ITSSMetrics

class itssutils.itssdata.ITSSMetrics(itss_data=None)[source]

Class to wrap ITSS metrics dataframe

raw_df

The dataframe of raw ITSS data

Type:pd.DataFrame
metrics

The dataframe of calculated metrics

Type:pd.DataFrame
grouping

The grouping of calculated metrics

Type:list of str
calculate_metrics(grouping, population_csv=None)[source]

Calculate the metrics, grouping by different items

Parameters:
  • grouping (str or list of str) – Columns by which to group the data
  • population_csv (str or path) – Filename of population demographic csv

Examples

>>> # Calculate the metrics for each racial group across all traffic stops
>>> mdf = metrics_by_group(raw_data_df, 'DriverRace')
>>> # Calculate yearly metrics by driver sex for each agency
>>> mdf = metrics_by_group(raw_data_df, ['AgencyName', 'Year', 'DriverSex'])
get_grouping()[source]

Return the grouping used to calculate the metrics

get_metrics()[source]

Return a list of all the calculated metrics

get_metrics_df()[source]

Return the raw metrics dataframe

load(filename)[source]

Load a metrics object from a pickle file pickled object is (grouping, metrics_df) tuple

plot_bars(target_top_row, target_column, only_include_rows=None, title=None, savename=None, savecsv=False, xax_label=None)[source]

Make a bar plot of a certain metric. Requires a multi-level metrics calculation be passed in.

Parameters:target_top_row (str) –

Examples

>>> met.calculate_metrics(['AgencyName', 'DriverRace'])
>>> met.plot_bars('Chicago Police', 'SearchRate')
plot_scatter(y_index, x_index, metric, size, population_col=None, logscale=False, limits=None, scale_factor=None, z_threshold=5, z_opacity='binary', as_ratio=False, title=None, savename=None, savecsv=False)[source]

Scatter plot of all agencies

Parameters:
  • y_index (str or tuple) – the top-level index to use for the y-axis data (i.e. all levels except agency name)
  • x_index (str or tuple) – the top-level index to use for the x-axis data
  • metric (str) – the name of the calculated rate to plot, e.g. SearchRate
  • size (str) – the name of the metric to use to size the points, e.g.

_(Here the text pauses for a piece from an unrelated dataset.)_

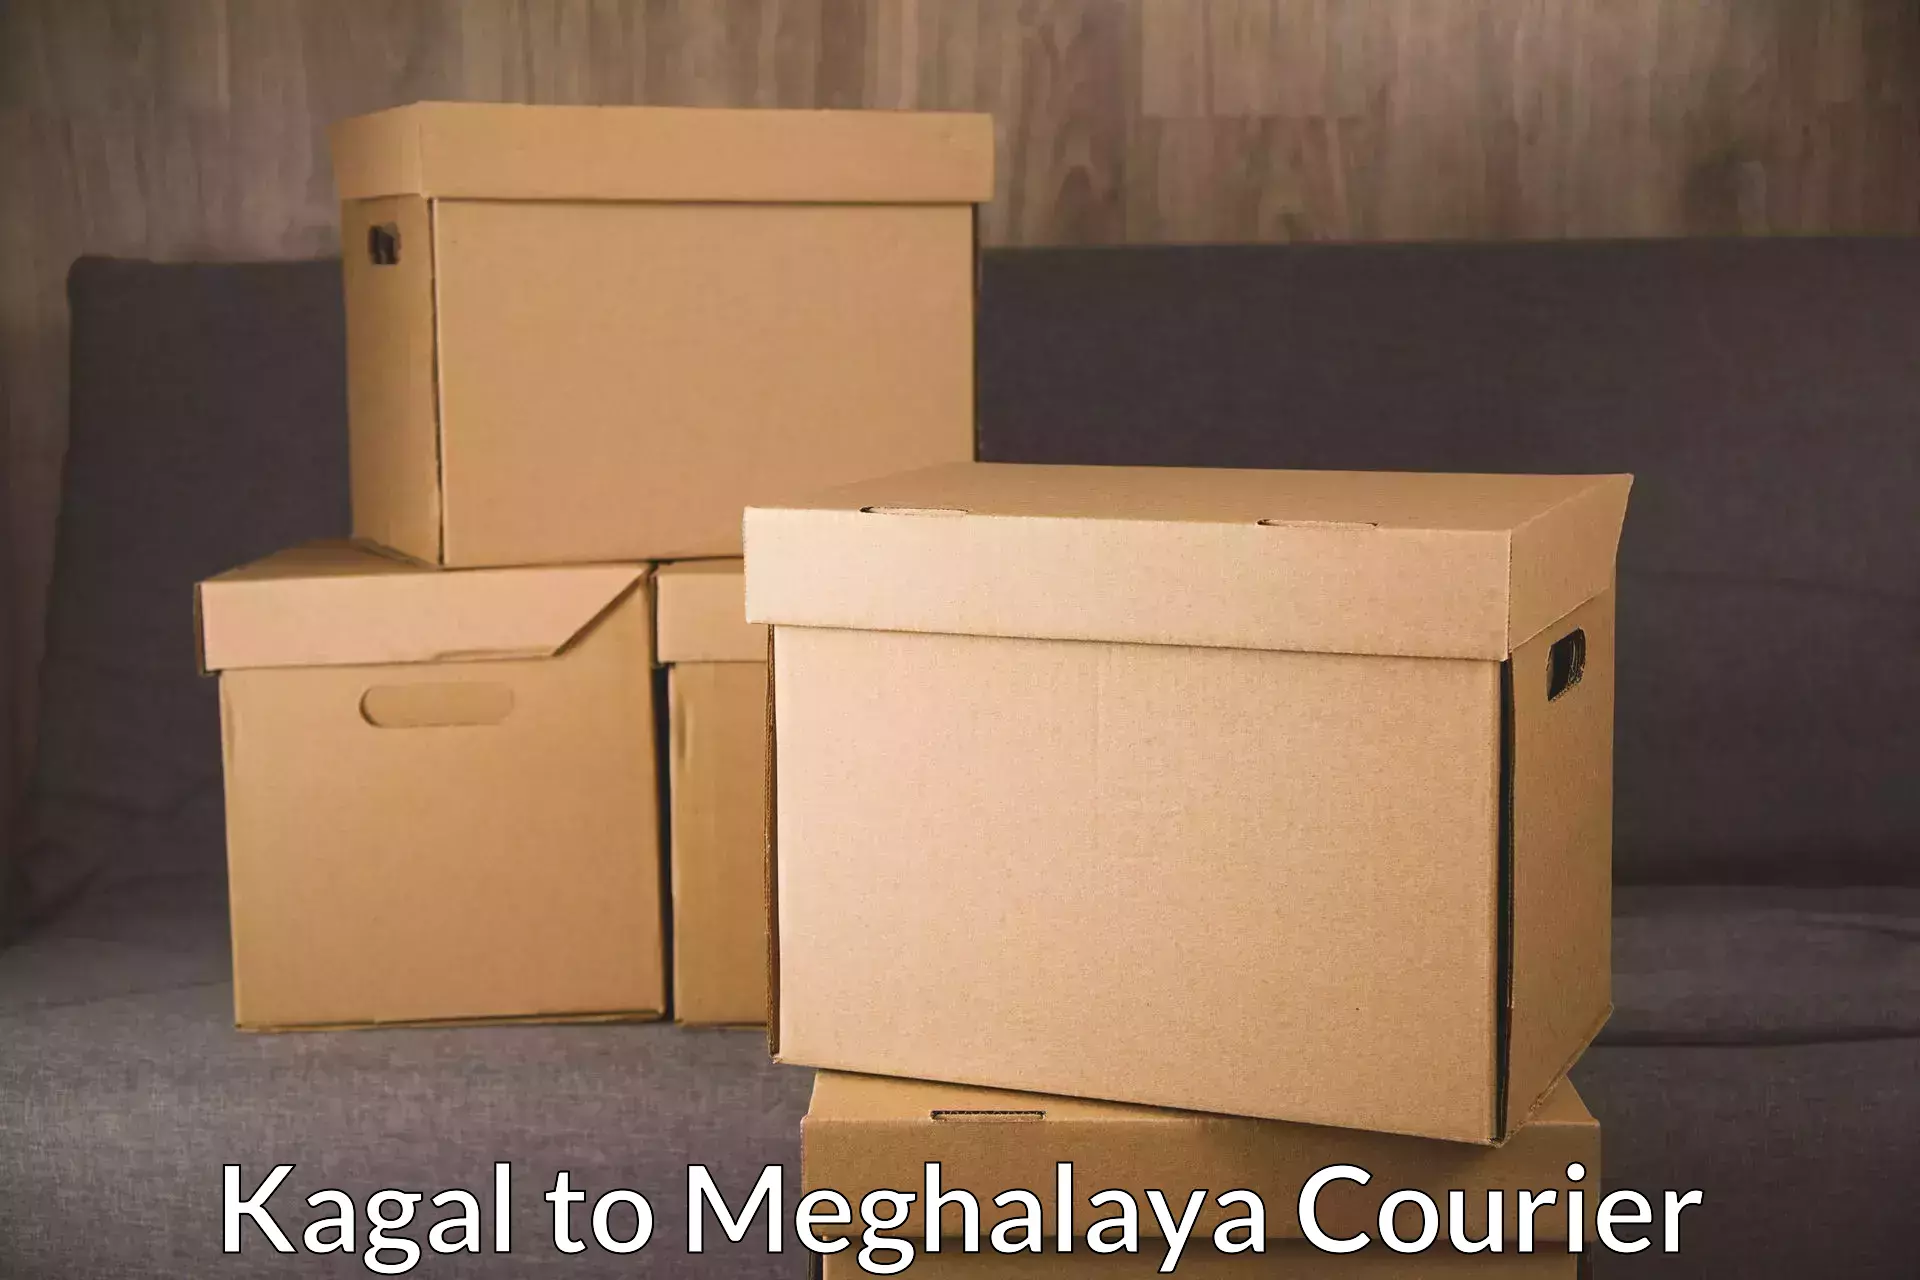 Round-the-clock parcel delivery Kagal to Cherrapunji

SearchCount
  • logscale (bool) – Plot on a loglog scale
  • limits (list or tuple) – the limits on the x and y set_axis
  • scale_factor (float) – Scaling factor for size of points
  • z_threshold (float) – Cutoff threshold to consider something “statistically significant”
  • z_opacity (str) – Type of shading to use (‘binary’, ‘gradient’, ‘filter’)
  • as_ratio (bool) – Make a ratio plot
  • title (str) – Title of the plot
  • savename (str or path) – Where to save the figure
  • savecsv (str or path) – Where to save a csv of data used to make the figure

Examples

>>> # Compare search rates for black and white drivers
>>> met.plot_scatter('Black', 'White', 'SearchRate', 'SearchCount', population_col='StopCount')
plot_timeseries(target_column, only_include_rows=None, only_include_entries=None, title=None, ylabel=None, savename=None, savecsv=None)[source]

Make a timeseries plot

Parameters:
  • target_column (str) – The column you want to make the timeseries for
  • only_include_rows (str or tuple or list) – Rows of index to include
  • only_include_entries (str or tuple or list) – Filter criteria - only include matching entries from target
  • title (str) – Plot title
  • ylabel (str) – Plot y-axis label
  • savename (str or path) – Path to save the plot
  • savecsv (str or path) – Path to save a csv of data used to make the plot

Examples

>>> met.plot_timeseries('SearchRate', only_include_rows='Chicago Police', only_include_entries=['Black', 'Hispanic/Latino', 'Asian', 'White'], title='Search Rate 2012-2017')
plot_zhist(target_item, reference_item, event_col, total_obs_col, title=None)[source]

Z-score histogram for a given event/observation count pairing, e.g. SearchCount/StopCount Must have included ‘AgencyName’ in grouping and grouping must be at least two categories

Parameters:
  • target_item – index of target item, e.g. ‘Black’
  • reference_item – index of reference item, e.g. ‘White’
  • event_col – column name for event counts, e.g. SearchCount
  • total_obs_col – column name for total observations, e.g. StopCount

Examples

>>> # Compare the deviation of black driver search hit rate relative to white driver search hit rate
>>> met.plot_zhist('Black', 'White', 'SearchHitCount', 'SearchCount')
save(filename)[source]

Pickle a metrics object as a (grouping, metrics_df) tuple

save_csv(filename)[source]

Save the current metrics as a csv file